Exercise materials —

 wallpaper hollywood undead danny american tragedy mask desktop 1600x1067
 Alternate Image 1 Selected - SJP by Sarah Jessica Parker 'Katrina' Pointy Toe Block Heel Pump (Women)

==

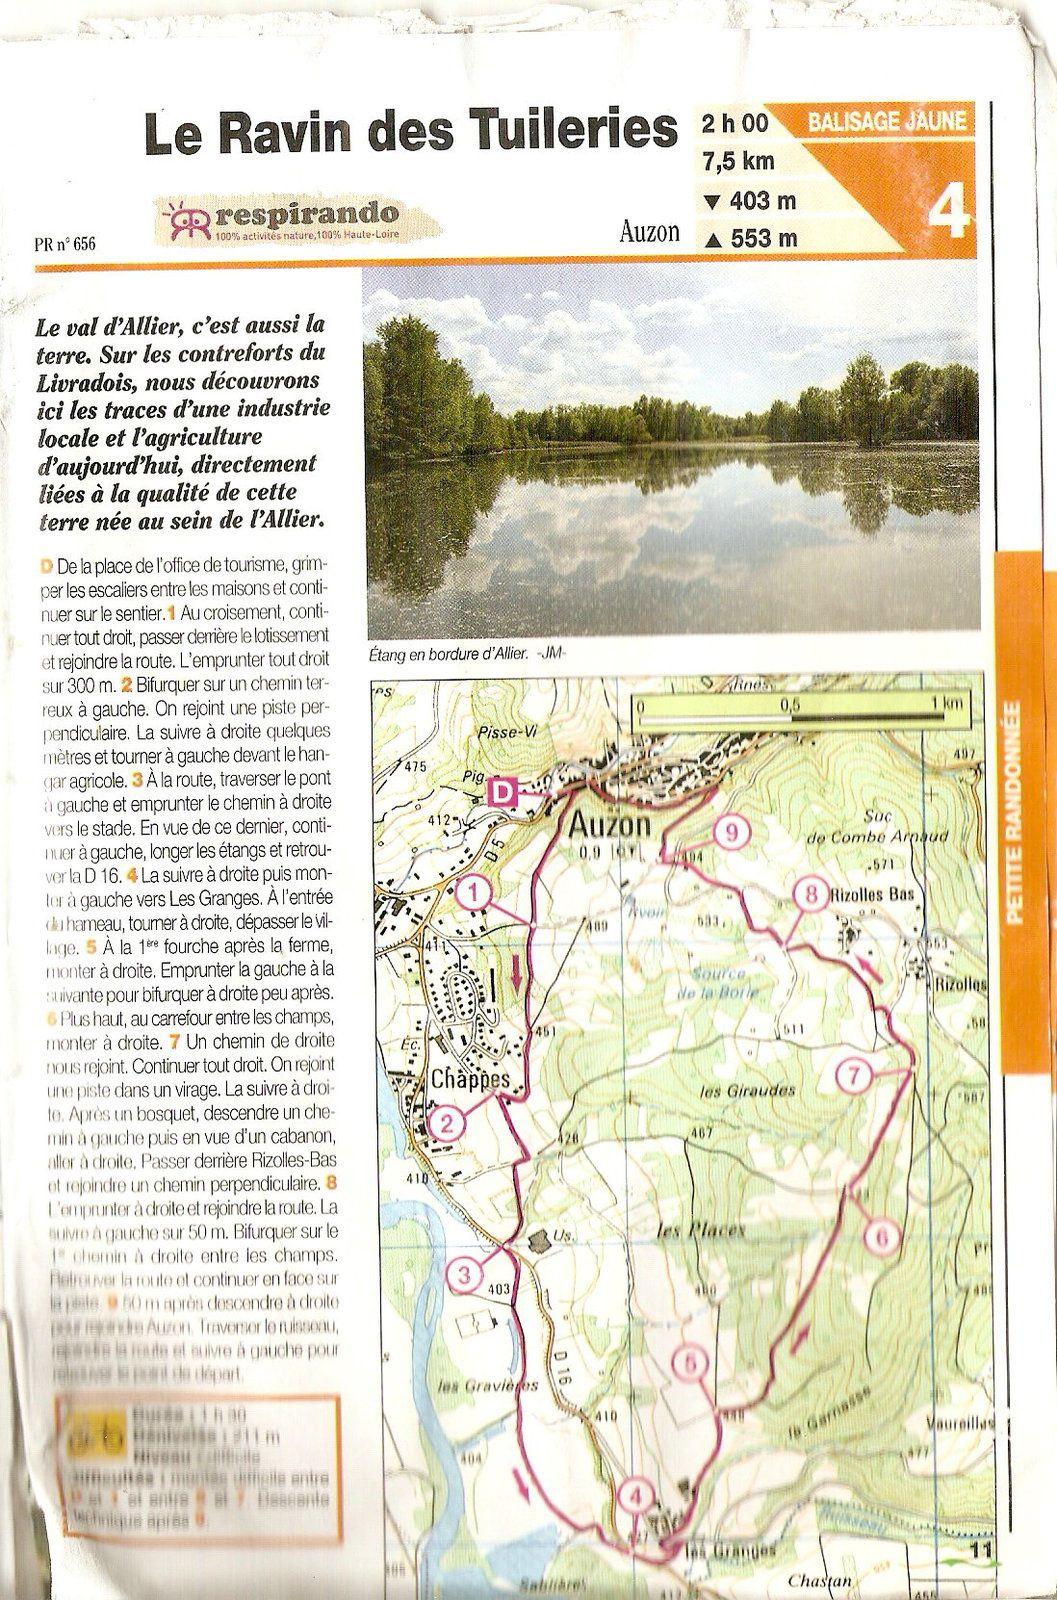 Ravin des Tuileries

---

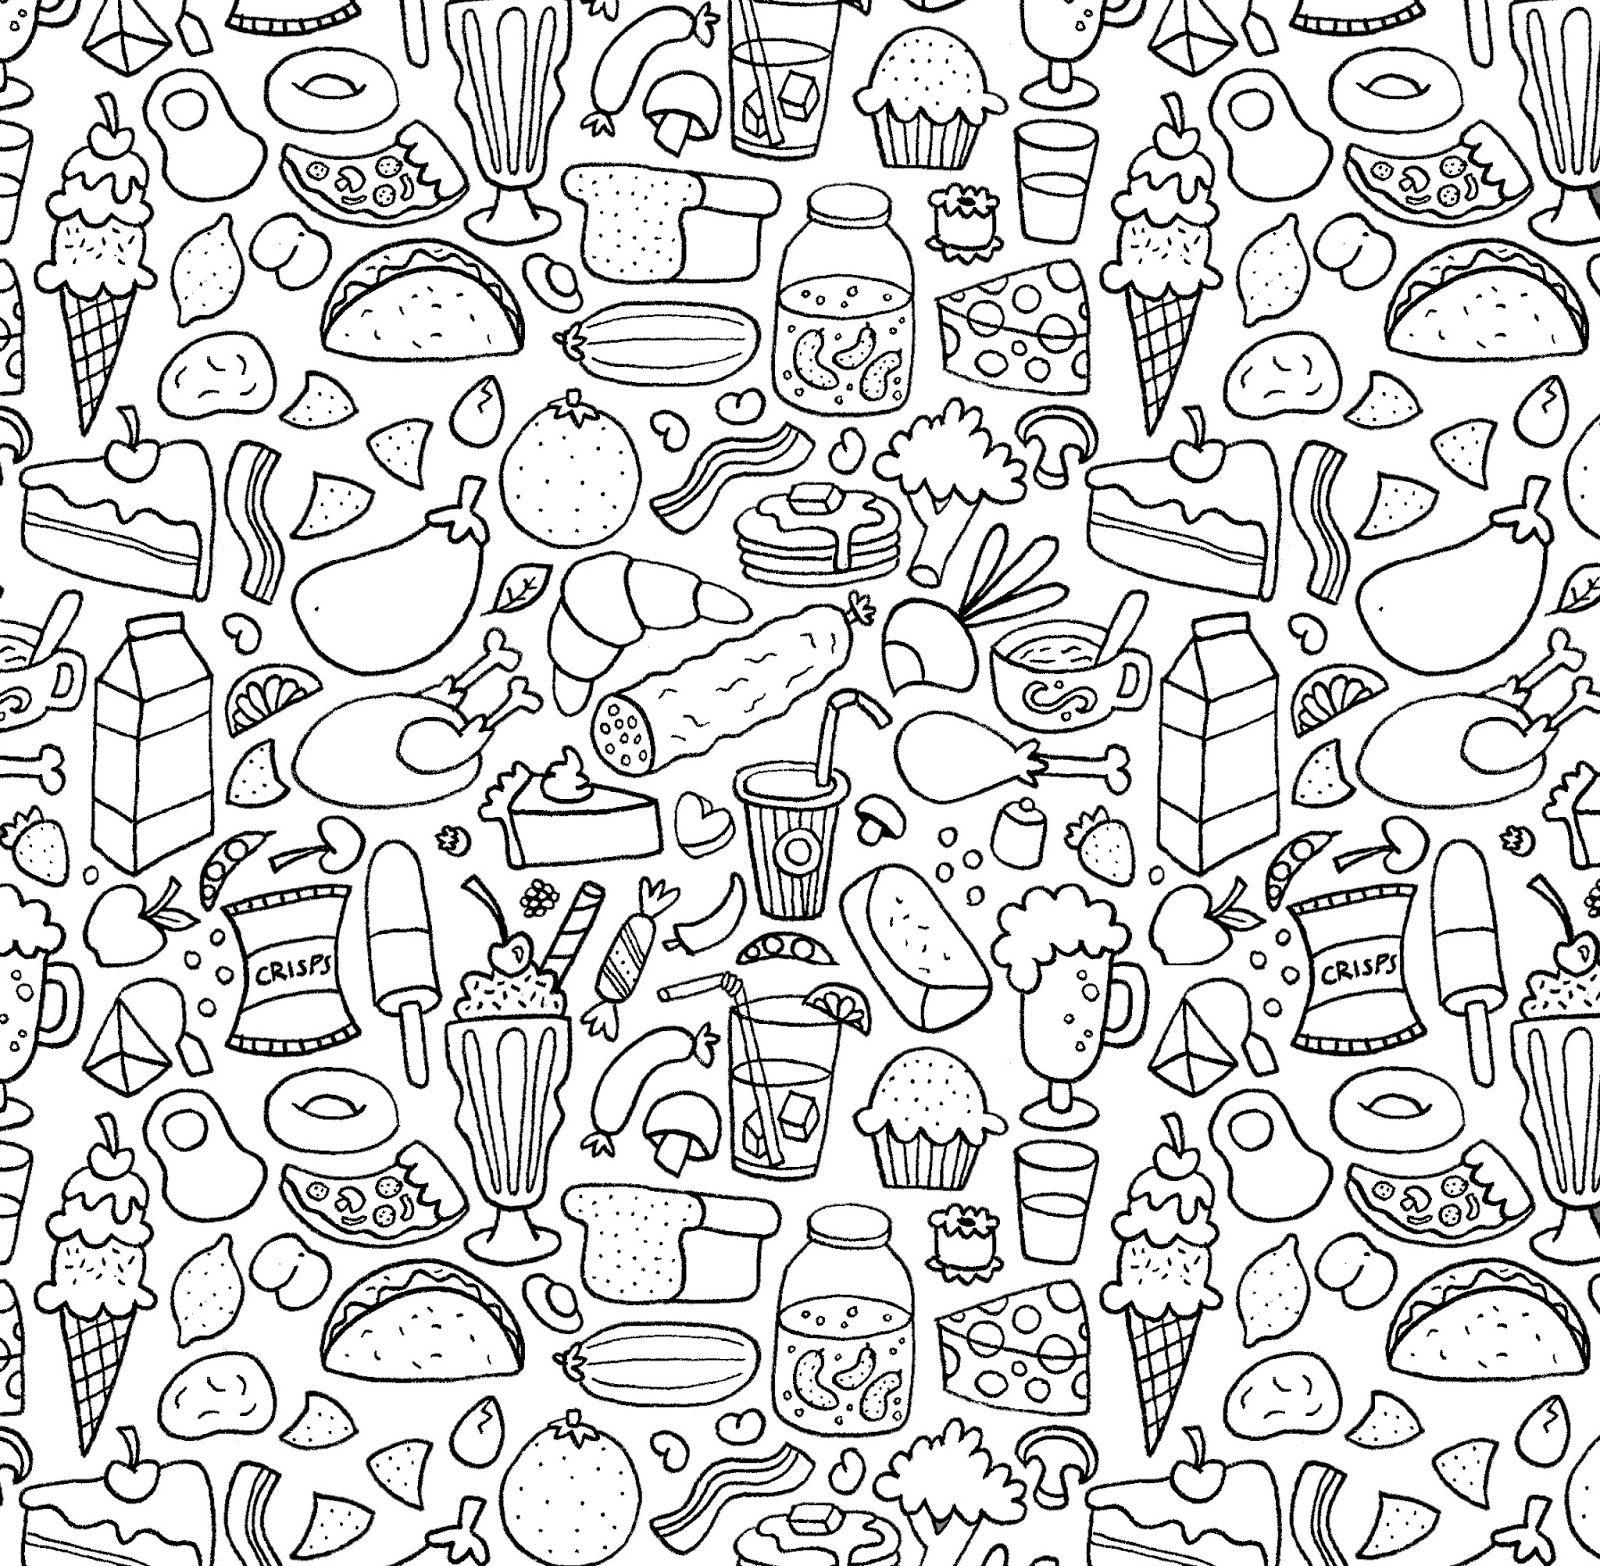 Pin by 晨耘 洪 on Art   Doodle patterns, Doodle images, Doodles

Task brief — Look above for the line holding "wallpaper hollywood undead". Print it and every line after it, exactly, through the line holding "Alternate Image 1".

Task solution —
 wallpaper hollywood undead danny american tragedy mask desktop 1600x1067
 Alternate Image 1 Selected - SJP by Sarah Jessica Parker 'Katrina' Pointy Toe Block Heel Pump (Women)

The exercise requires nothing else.